One tends to think that Grace Jones arrived fully formed on her 1980 album Warm Leatherette and that her three albums of high-octane disco between 1977 and 1979 were no more than a little light candy. Be prepared to be surprised. These are the records that first made her name, stepping out from the pages of Vogue and straight into the studio, bringing the glamour and pizzazz of a New York fresh from celebrating the American bicentennial; records of joy, hope and freedom; gay, straight, black, white, working class and rich gathering on the sacred space of the metropolitan dance floor.
Grace Jones was a pivotal figure on the New York disco scene; regularly singing at Carmen D’Alessio’s Thousand And One Nights at the Enchanted Garden, out in Queens, very much the precursor to Studio 54. To further stress her importance, it was her party at Studio 54 on New Year’s Eve 1977 to which Bernard Edwards and Nile Rodgers from CHIC were denied entry, leaving them to go into the night and write ‘Le Freak’. “Grace Jones came in naked,” Chris Sullivan, a doorman at the club recalled. “Quite a few times. Probably more than she should have.”
Signed to Chris Blackwell’s Island Records, Jones’ three albums Portfolio, Fame and Muse were produced by none other than Tom Moulton, ‘the father of the disco mix,’ who earned his title by assembling the first continuous mix side of an album in 1974 with Gloria Gaynor’s Never Can Say Goodbye. After working with the Three Degrees, MFSB and Trammps, he was hot property, and Jones seemed a natural choice for him to work with.
Recorded at Sigma Sound, Philadelphia – the home of Philadelphia International Records and where David Bowie had cut Young Americans – these are three of the most disco sounding disco records of all time. The choice of material, and Jones’ unmistakable persona ensure that they are anything but mere confection. It’s also a celebration of the studio teams that were so prevalent in New York and Philadelphia in that era.
Portfolio is a perfect example of the album a top model from the Ford and Wilhelmina agencies at the zenith of 70s glamour could make. It opens with three show tunes (‘Send In the Clowns’, ‘What I Did For Love’ and ‘Tomorrow’) and then takes it further with one of Jones’ best known covers, Edith Piaf’s ‘La Vie En Rose.’

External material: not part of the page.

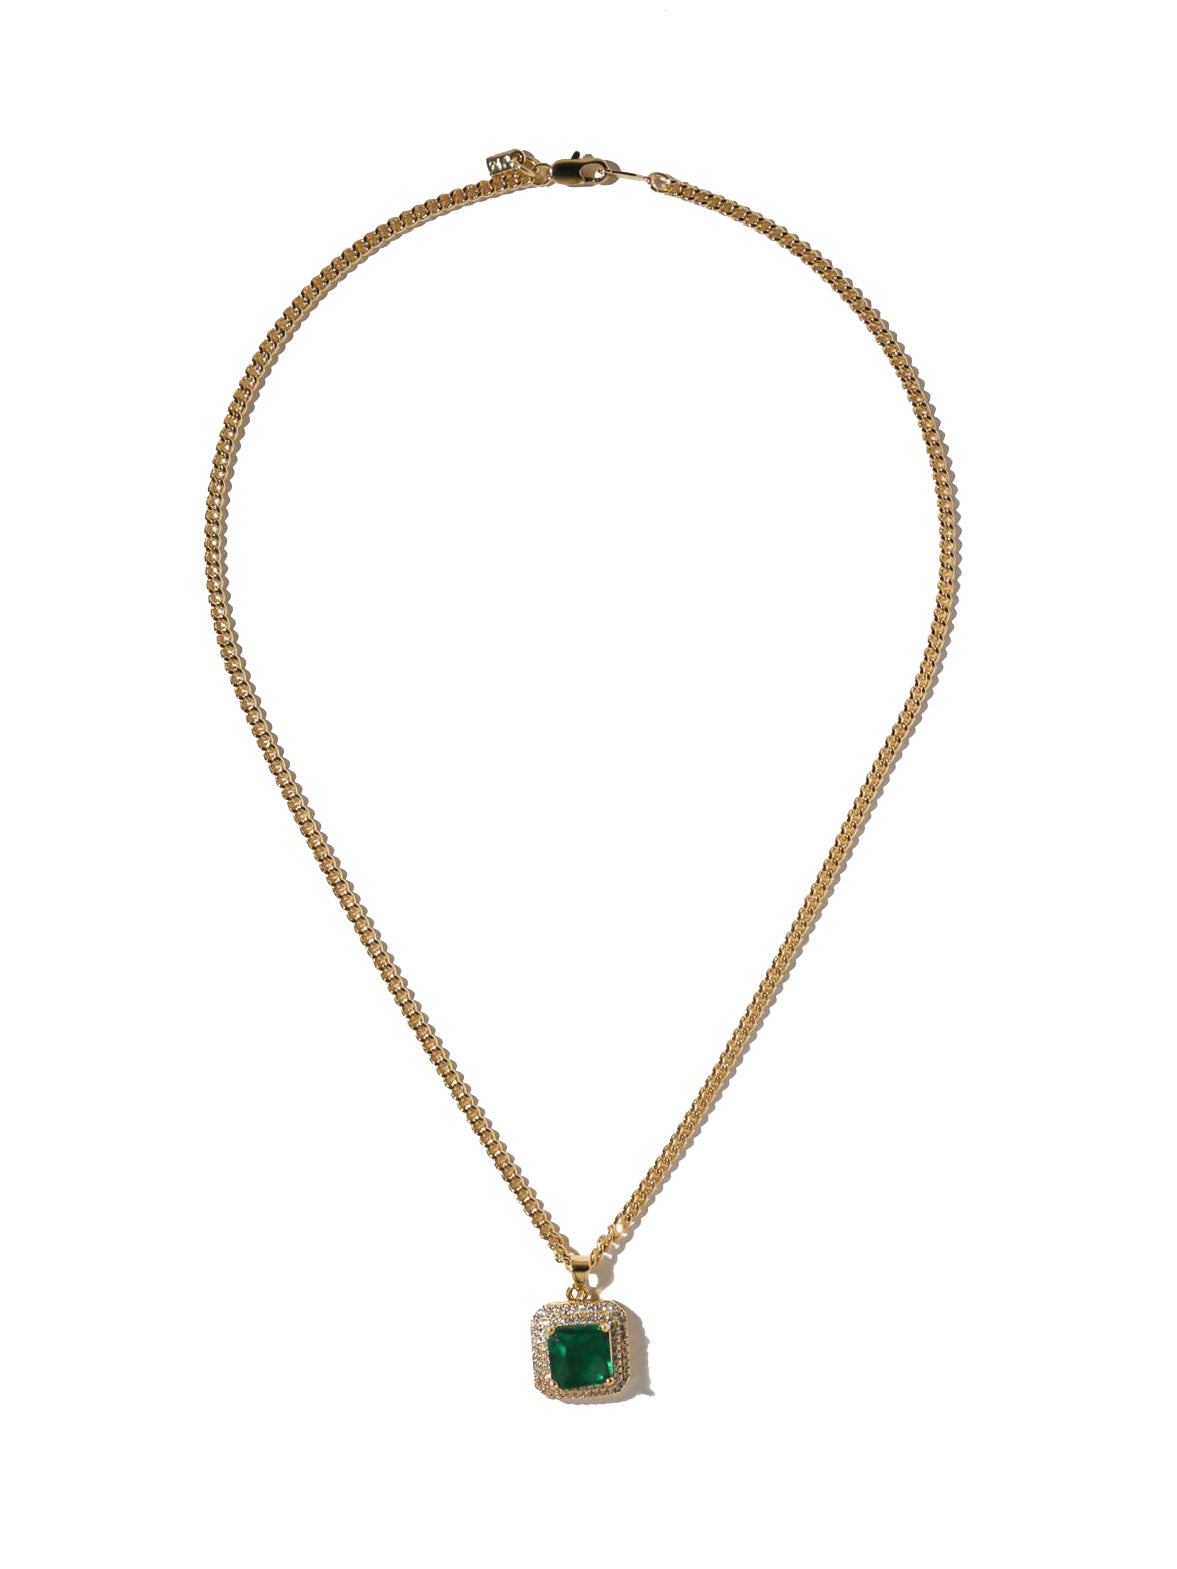 The Emerald Isle Necklace

“You see, the whole disco thing is very visual and, as you know, theatrics and that whole visual thing is extremely important to me,” she said in 1978. This was clear from the striking sleeve designs by Interview Magazine designer Richard Bernstein on her early albums: stunning visuals would symbolize the rest of her career.
By the time of 1978’s Fame, her sound was becoming even more expansive, including her fabled club hit, ‘Do Or Die’. The final album included here, Muse, is a fascinating record and shows a possible direction that Jones’ could have pursued had she not taken the flight to Compass Point. It’s a more pared-down disco; arranged by Thor Baldursson, who had played on ‘I Feel Love’ while working with Giorgio Moroder. The album contained a suite of songs ‘Sinning’ – ‘Suffer – ‘Repentance’ – ‘Saved’ that pointed to something deeper and more mature. It was released in September 1979, two months after the fabled Disco Demolition Derby at Chicago’s Comiskey Park. As disco now sucked, it was time to move on
The Disco Years is a beguiling time capsule. Exciting, vibrant, camp, showy, it is the intro-to-coda of this early flowering of Grace Jones. It’s a look back to another time, one that seems much further removed than the constantly evolving modernism of her Compass Point trilogy. This is the music that established Jones; glossily theatrical, toughly camp party pieces with portentous overtones. This is a beautiful newly-remastered collection, bringing together the three albums and in-era mixes and instrumental versions.